* [Dataset content]:
******************************

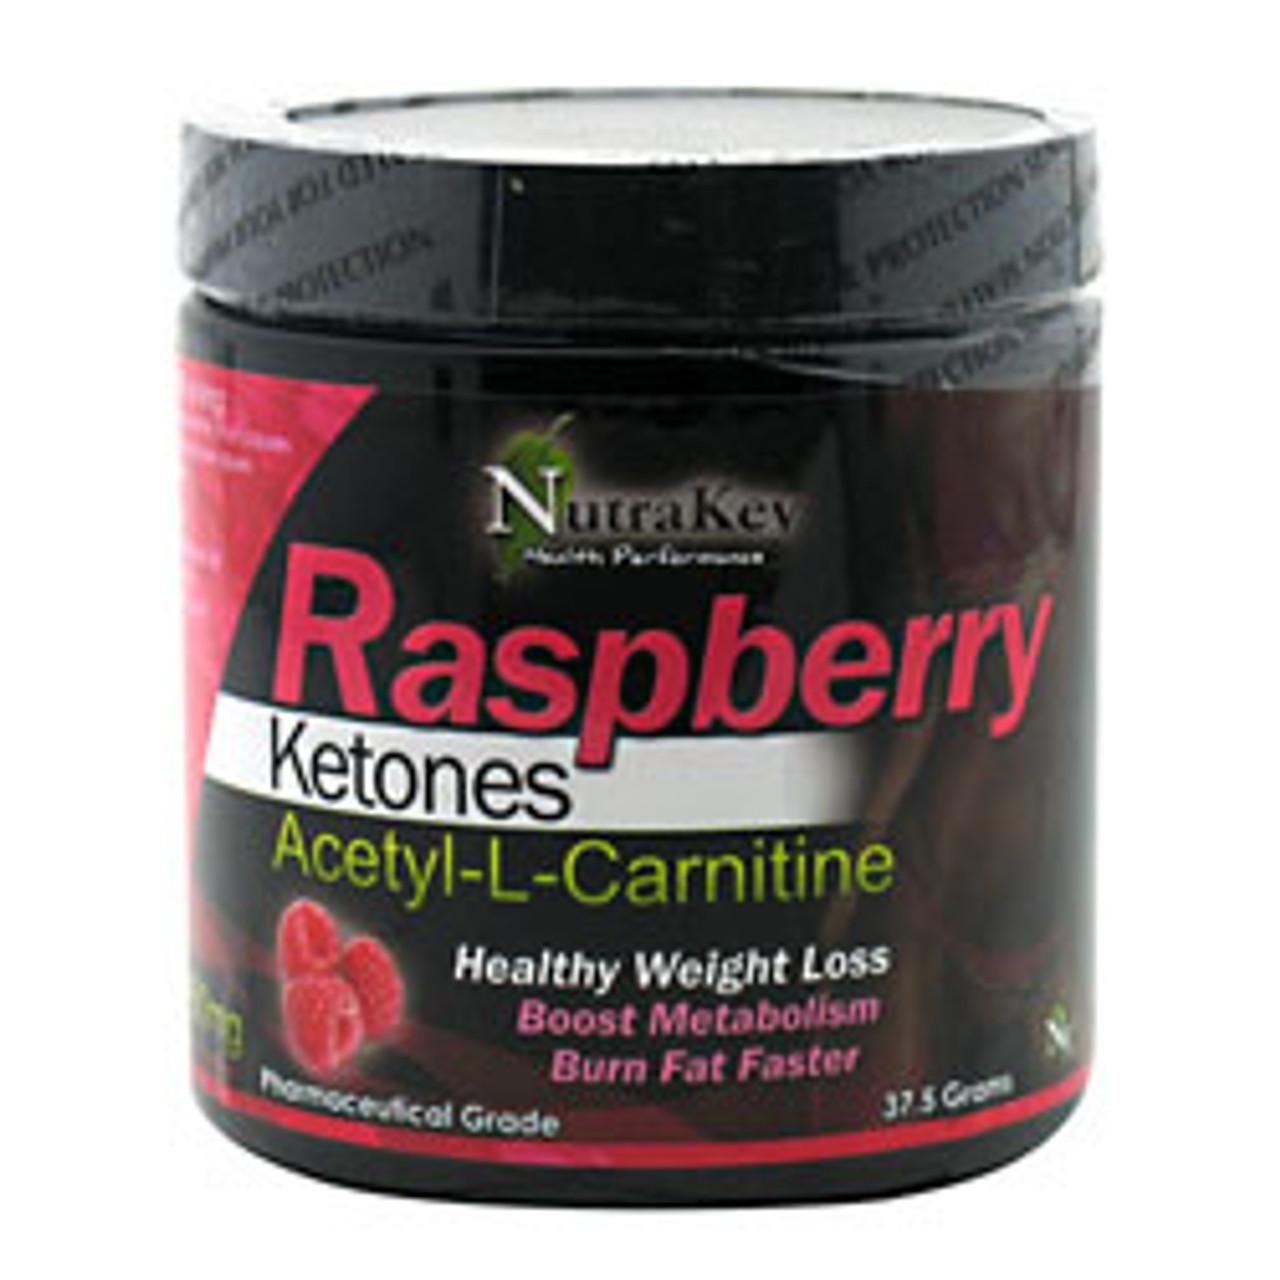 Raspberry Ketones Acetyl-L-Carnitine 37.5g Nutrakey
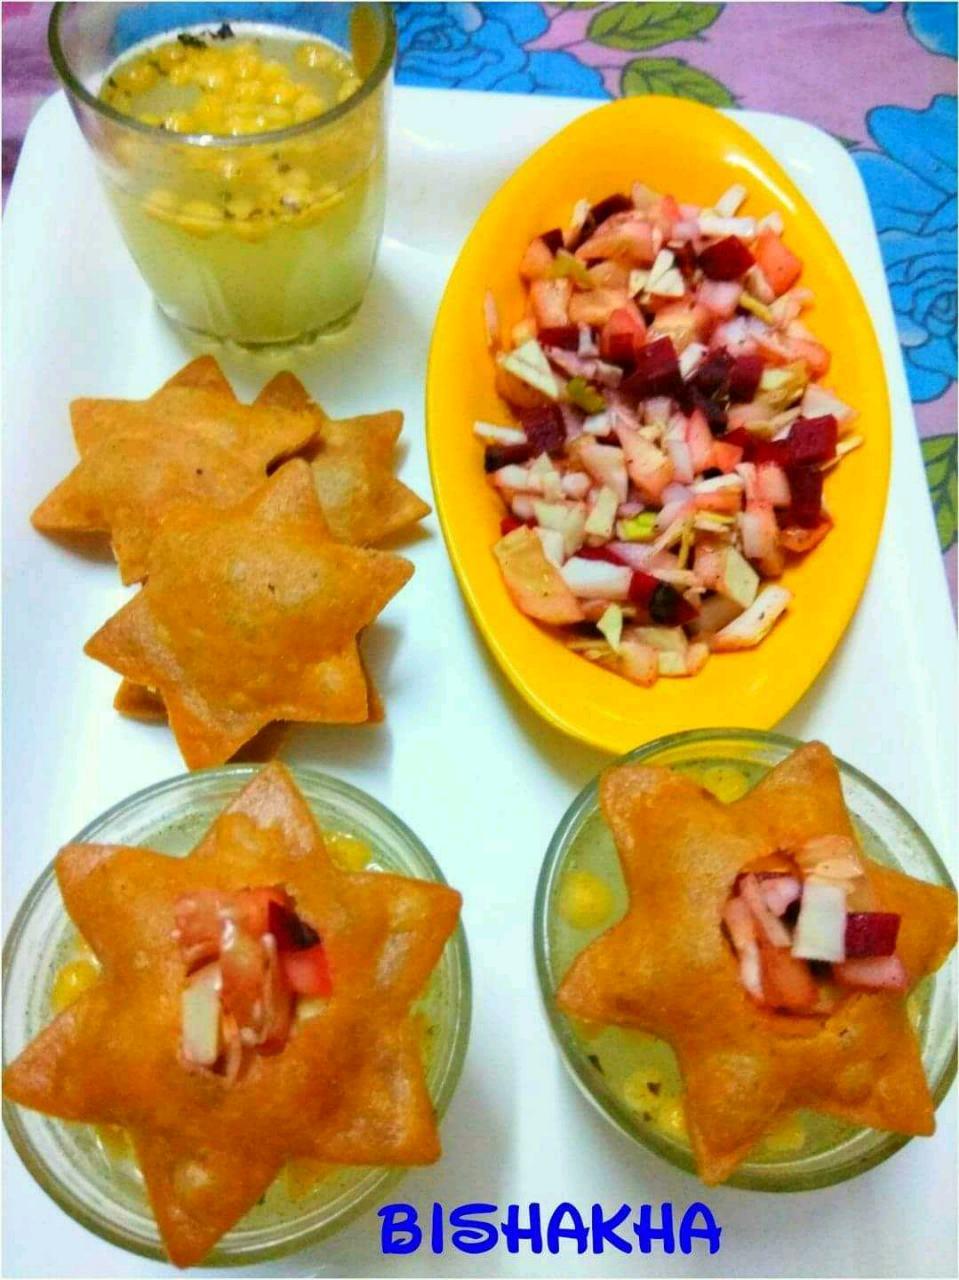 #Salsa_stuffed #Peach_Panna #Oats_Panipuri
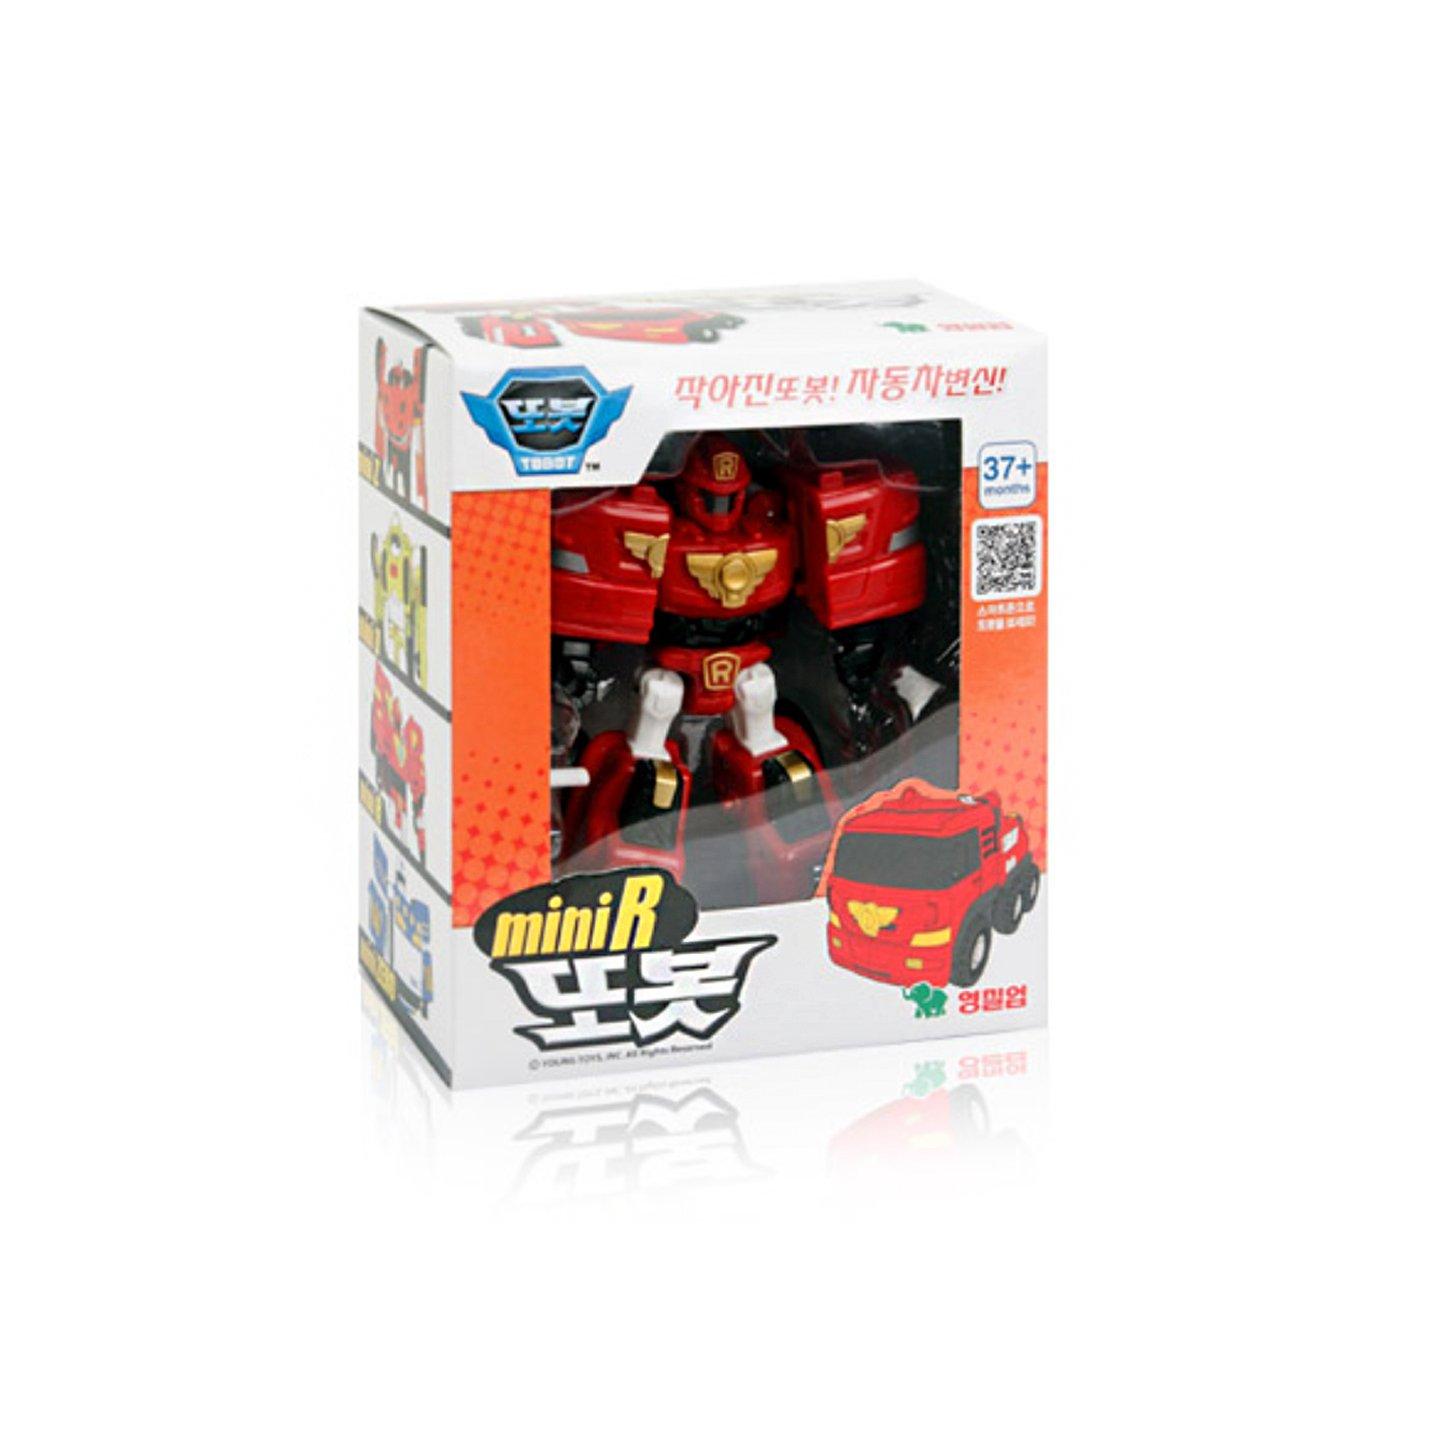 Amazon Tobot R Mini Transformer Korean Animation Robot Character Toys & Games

******************************

Leave the pictures out and output the rest of the listing exactly.

* [Exercise solution]:
 Raspberry Ketones Acetyl-L-Carnitine 37.5g Nutrakey
 #Salsa_stuffed #Peach_Panna #Oats_Panipuri
 Amazon Tobot R Mini Transformer Korean Animation Robot Character Toys & Games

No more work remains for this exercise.